Dan Nicolae Roman is a Romanian information technology (IT) professional, entrepreneur, executive and investor, known for his work in Central European markets, the Western Balkans, and the Black Sea Region. He has held prominent roles in both public and private sectors, contributing to the advancement of software engineering, IT services, and business development in Romania and internationally.

==Early life and education==

Dan Roman obtained a PhD in Computer Science in 1981 from the Politehnica University of Bucharest, Romania. His early career began in research, where he served in various capacities at the Research Institute for Computers (ITC) in Romania. Between 1973 and 1989, he progressed from Researcher to Director of Software Engineering, overseeing the development of critical software infrastructure, including operating systems, compilers, and application software.

==Professional career==

Research Institute for Computers (ITC)

At ITC, Roman introduced and led several innovative projects. He was among the first in Romania to advocate for Computer-Aided Design (CAD) and Computer Graphics as key areas of Research & Development. Under his leadership, the institute developed and exported software packages internationally. In 1984, he established an Artificial Intelligence (AI) and Speech Recognition Technology Lab, collaborating with experts from the University Politehnica of Bucharest.

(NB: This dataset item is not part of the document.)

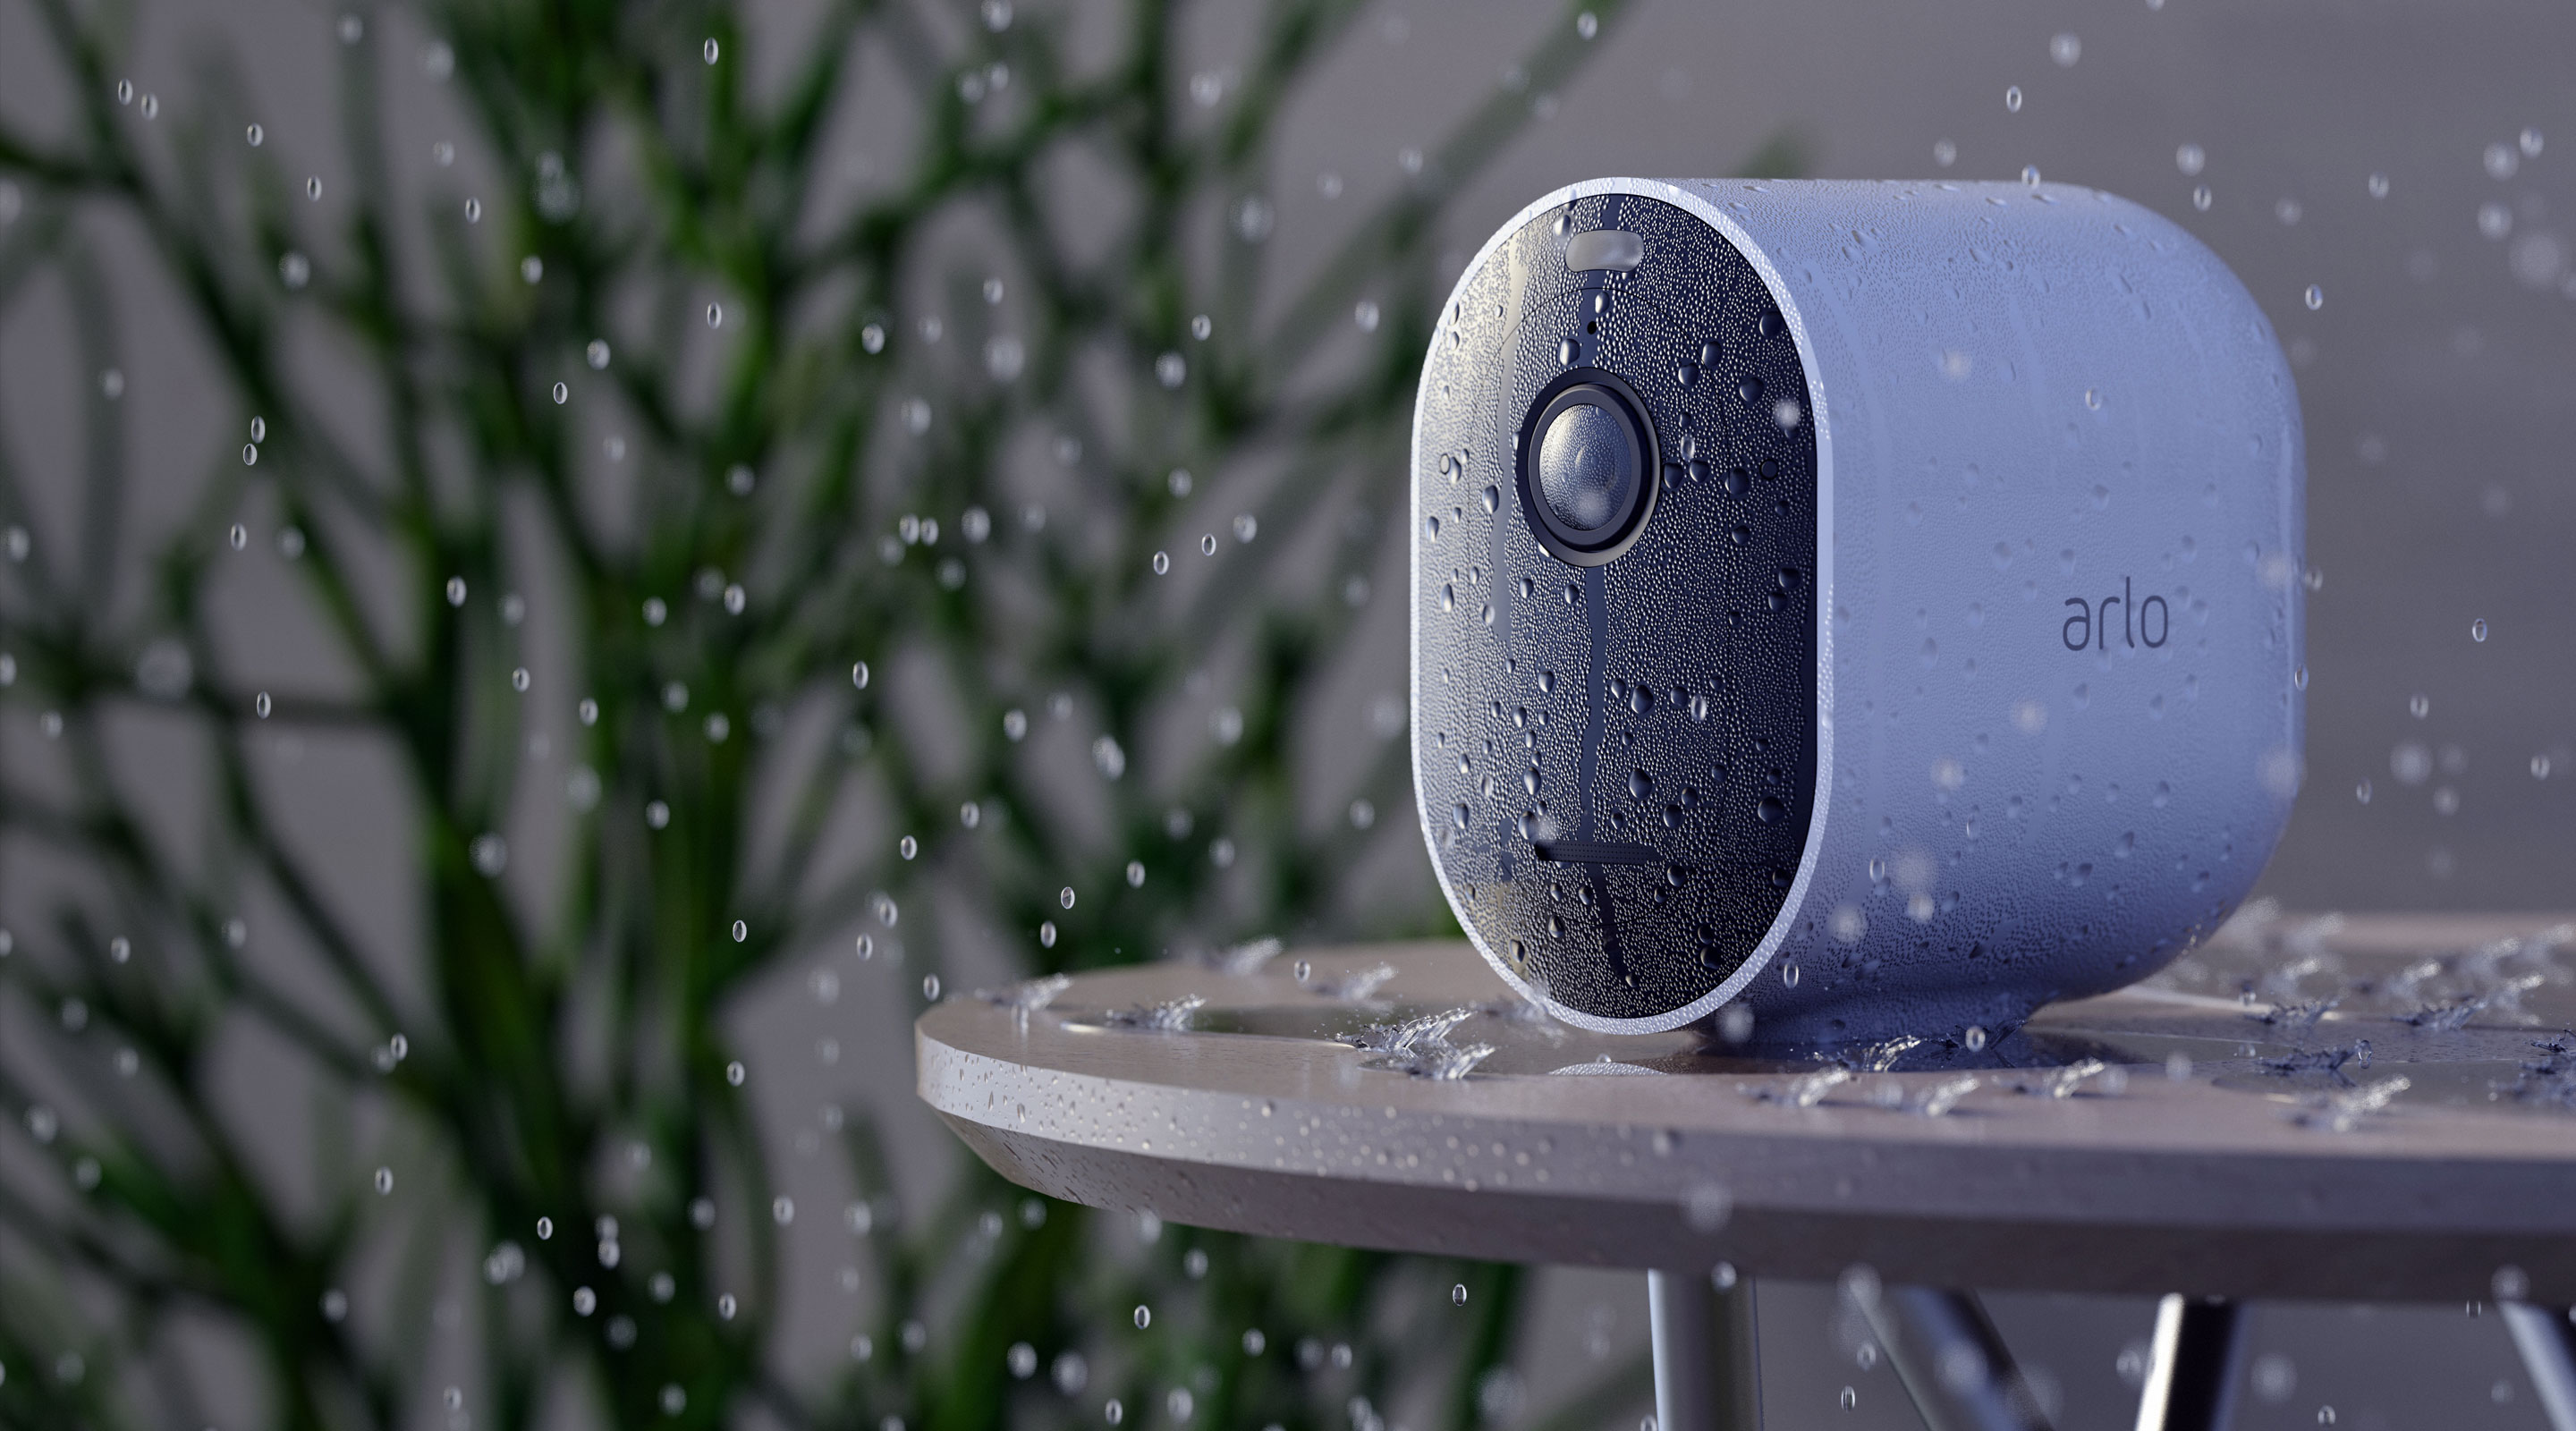 Arlo Pro 4 camera displayed on table outside in rain with water droplets
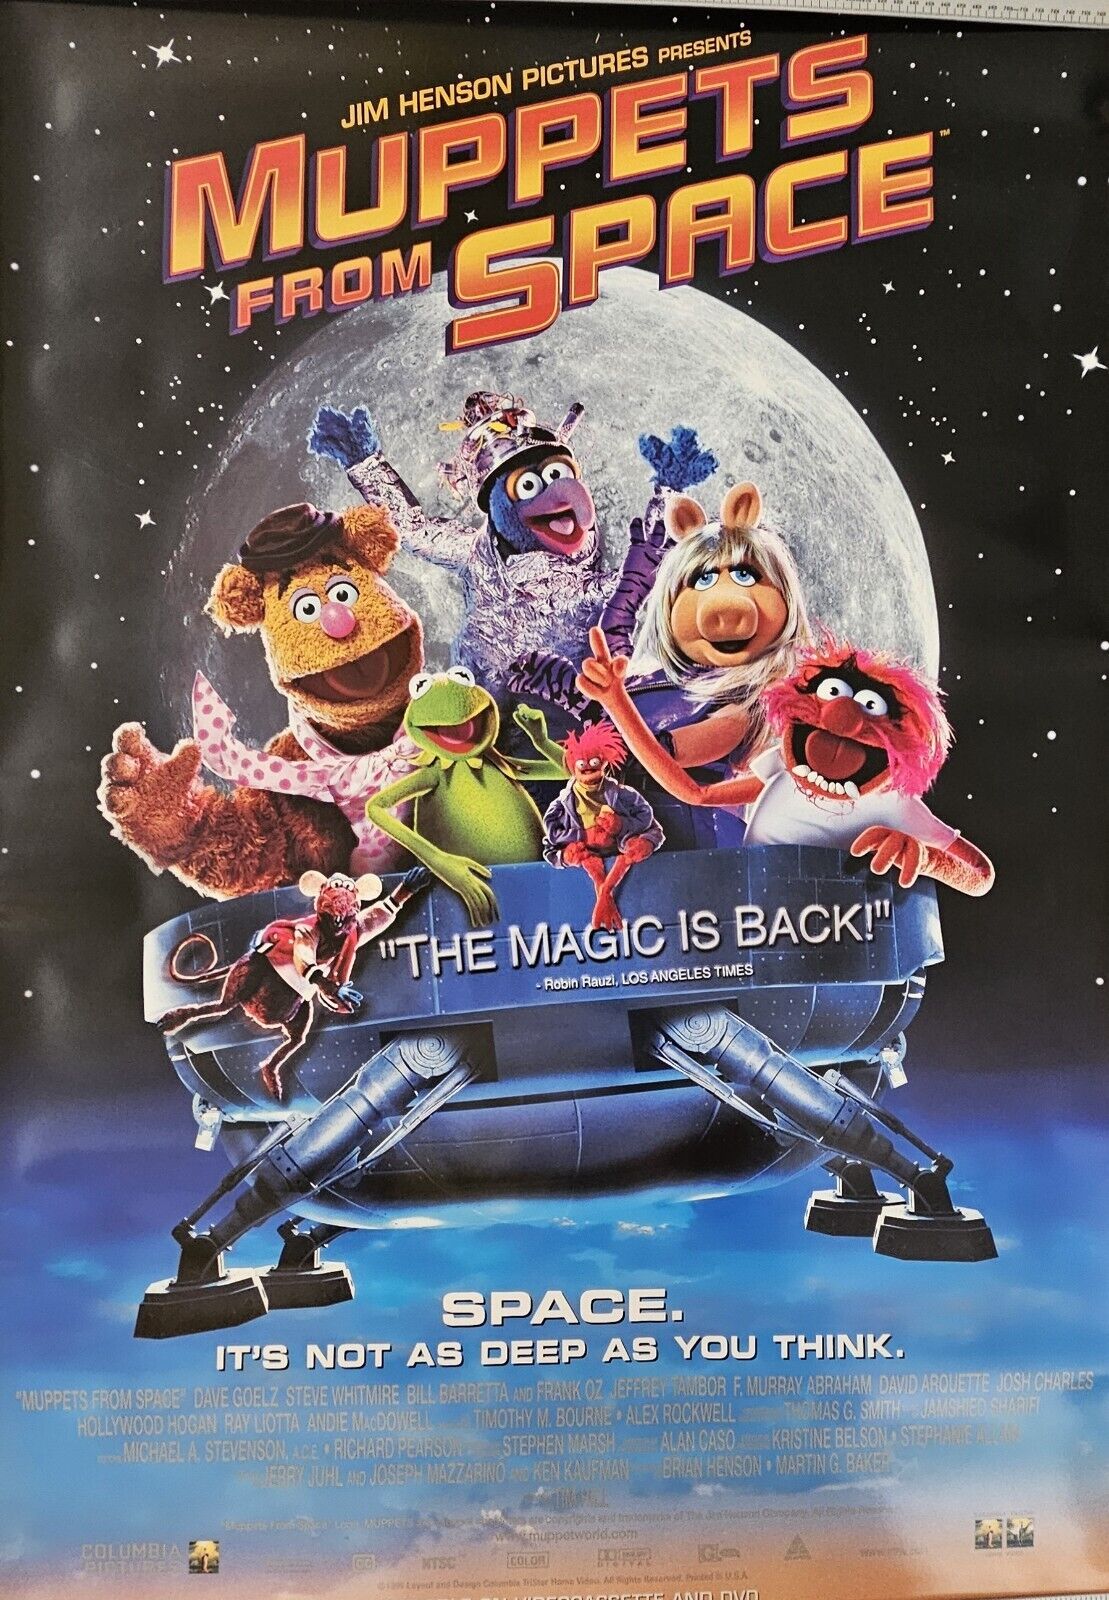 Jim Henson's Muppets from outer space 27 x 40 DVD promotional Movie poster

Roman also expanded the Institute's national presence by establishing software development branches in several university centers, including Iasi, Suceava, Satu Mare, and Brasov. Many of these branches evolved into affiliates of the Romanian Academy or independent companies.

Romanian Business Systems and IBM

In 1990, Roman founded one of Romania's first private IT companies, Romanian Business Systems (RBS), which became an IBM Alliance Company and a leader in the local market. He served as CEO until 1995, when IBM acquired RBS, and Roman became the first Country General Manager of IBM Romania after IBM's return to the country.

Roman's role expanded in 1996 when he was appointed Director of Operations for Non-subsidiary Countries of IBM Central and Eastern Europe (CEE) in Vienna. In this capacity, he oversaw the IBM partner network across a range of countries and was instrumental in setting up IBM subsidiaries in the region.

eNet Data GmbH and S&T Group

In 2000, Roman founded the Austrian company eNet Data GmbH, which was acquired by the publicly listed IT company S&T in 2002. He then joined S&T as Senior Vice President and General Manager for the South region, transforming S&T Romania into a technological hub for subsidiaries across Southeastern Europe, including Bulgaria, Greece, Turkey, Malta, and Cyprus.

Roman also led S&T's strategic mergers and acquisitions (M&A) in the region, helping the company grow into a major player in the Southeastern European IT market.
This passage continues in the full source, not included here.